The Sufi masters of Gnosis believe that if a man were to focus too much on destroying their ego, always thinking about it, then it will only get bigger and bigger, while they suspect not. That is why they recommend instead that one acquire proper knowledge and focus on God instead. I also dont believe the ego could be killed, but that it could be subdued and momentarily extinguished. And that he who believes his ego has been killed for good has been tricked by it, but who am I to say, and God knows best.


AbulMalih reported on the authority of a man: I was riding on a mount behind the Prophet (peace be upon him). It stumbled. Thereupon I said: "May the devil perish!" He said: "Do not say: May the devil perish! for if you say that , he will swell so much so that he will be like a house and say, 'By my power'; But say: 'In the name of Allah' for when you say that, he will diminish so much that he will be like a fly".

- Sunan Abu Dawud, Kitab al-Adab, Number 4946



"[Hakim al-Tirmidhi's] letter to Abû 'Uthmân al-Hîrî, as well as the other two letters mentioned above revolve around the important issue of how best to deal with the ego (nafs) which undermines all spiritual attainments. Touching on this question, Hakîm al-Tirmidhî writes to Abû 'Uthmân:

I have received your letter, my brother, one letter after another. You confirm repeatedly [how] the blemishes of the lower self (nafs) [are an obstacle] in the [attainment] of [spiritual] knowledge. My brother, if you can refrain from being occupied by this obstacle, since this is other than Allâh, do so. For Allâh has servants who indeed have knowledge of Him, and they ignore all things but Him. They are wary of being occupied with the lower self and instead they fear Him. Whenever anyone of them is afflicted by its memory, his stomach turns as if he were about to vomit. How can one who strolls through gardens of roses, jasmine and wild lilies graze in valleys of thorns? How can one who is nourished by the remembrance of the Majestic be aware of anything but Him? (72)

Tirmidhî's objections to an exaggerated preoccupation with the nafs in the mystical quest is expressed here as well as in other letters and in many passages throughout his writings. In his letter to Abû 'Uthmân he presents the nucleus of his own understanding and approach in which the nafs is conceived as the centre of negative qualities: lust, desire, fear, anger, doubt, idolatry and forgetfulness. A transformation (tabdîl) of these negative qualities into positive ones is possible. This transformation is possible, however, only by means of the heart, that is, by the capacity of the heart to "see things in their essence" (haqâ'iq al-umûr). The heart's vision is obscured by the negative qualities of the lower self which cause a veil (ghitâ') to fall between it and the Truth. This vicious circle can be broken by faith (îmân) which resides in the heart.
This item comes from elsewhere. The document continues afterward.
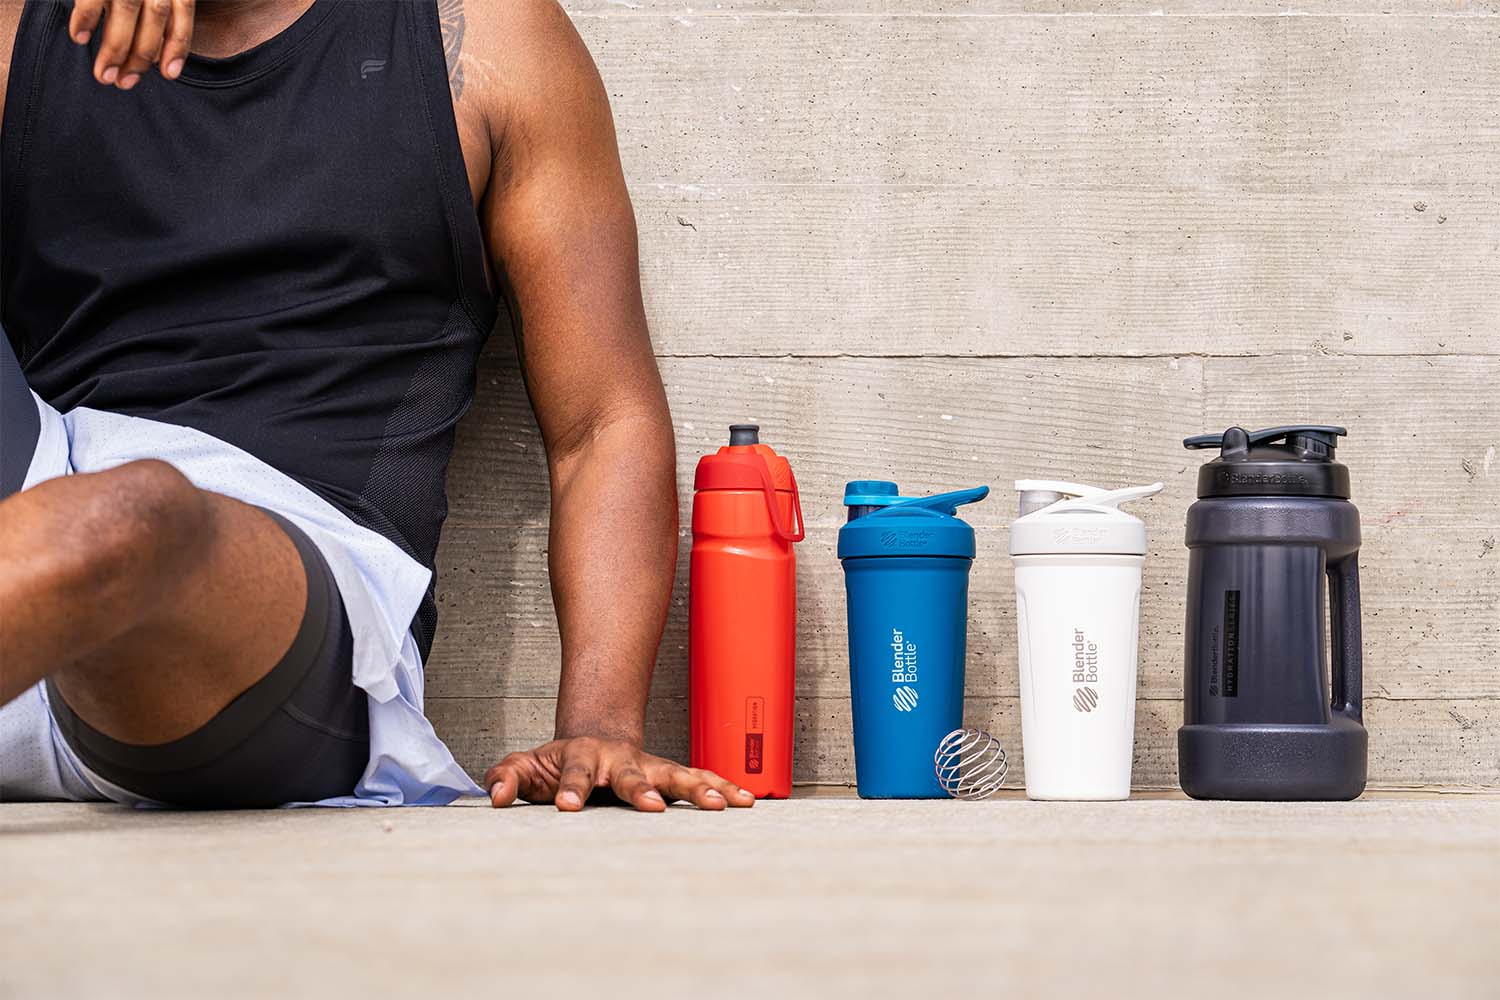 Premium Photo  Exercise black man and water bottle for workout

Faith is reinforced by the grace of God, and its light intensifies gradually. As the light of faith intensifies in the heart, the impact of the 'veil' becomes weaker. As it weakens, 'the essence of things' becomes clearer and more visible to the heart. When the heart 'sees' the 'essence of things', its faith is transformed and becomes 'certitude' (yaqin). At this stage, when the heart has attained 'certitude', the full transformation occurs: the desire of the nafs becomes desire for God, fear becomes fear of God, anger becomes anger for the sake of God, lust becomes longing for God, doubt becomes certitude, idolatry becomes pure unity and forgetfulness becomes determination.

Evidently Hakîm aI-Tirmidhî's teaching, although revolving around the same psychological issues and obstacles which occupied the Malâmatiyya, advocates an utterly different approach. Excessive concern with the nafs regardless of its prominence in counteracting the sincere spiritual and devotional quest, will lead nowhere as long as the seeker's attention remains focused on it alone. Tirmidhî's method, as he reiterates in his letter, is based on "the science of God" (al-'ilm bi'llâh), whereas the method of Abû 'Uthmân and the Nîshâpûrî school - who are not mentioned by name but are undoubtedly implied - is based on "the science of the self" (al-'ilm bi'l-nafs). If one focuses one's attention on the science of the self - says al-Tirmidhî - one will never be released from the self. "If one occupies oneself with the knowledge of the self's blemishes, one will spend all one's life in the attempt to be released from it (fa-'in ishtaghala al-'abd bi ma 'rfat al- 'uyûb baqiya 'umrahu fîhâ wa fi 'l-takhallus minhâ)," he comments. On the other hand, if one focuses one's attention on the science of God, the heart becomes stronger and its vision of Divine revelations clearer. These revelations revive the heart, and its antithesis, the self, withers away. "When the self gives up because of the impact of the Divine revelations, the heart is revived by the Lord; what blemish remains then?" (73) "




"In loving God, I have no time left in which to hate the Devil" - Rabi'a al-Adawiyya


"The Venerable Master, the Saint Ibn Ata-Illah says in his Hikam: "Since you know that the Devil will never forget you, it is your business not to forget [God]." And our Master used to say: "The true way to hurt the enemy is to be occupied with the love of the Friend; on the other hand, if you engage in war with the enemy, he will have obtained what he wanted from you and at the same time you will have lost the opportunity of loving the Friend." " - Shaykh ad-Darqawi[1]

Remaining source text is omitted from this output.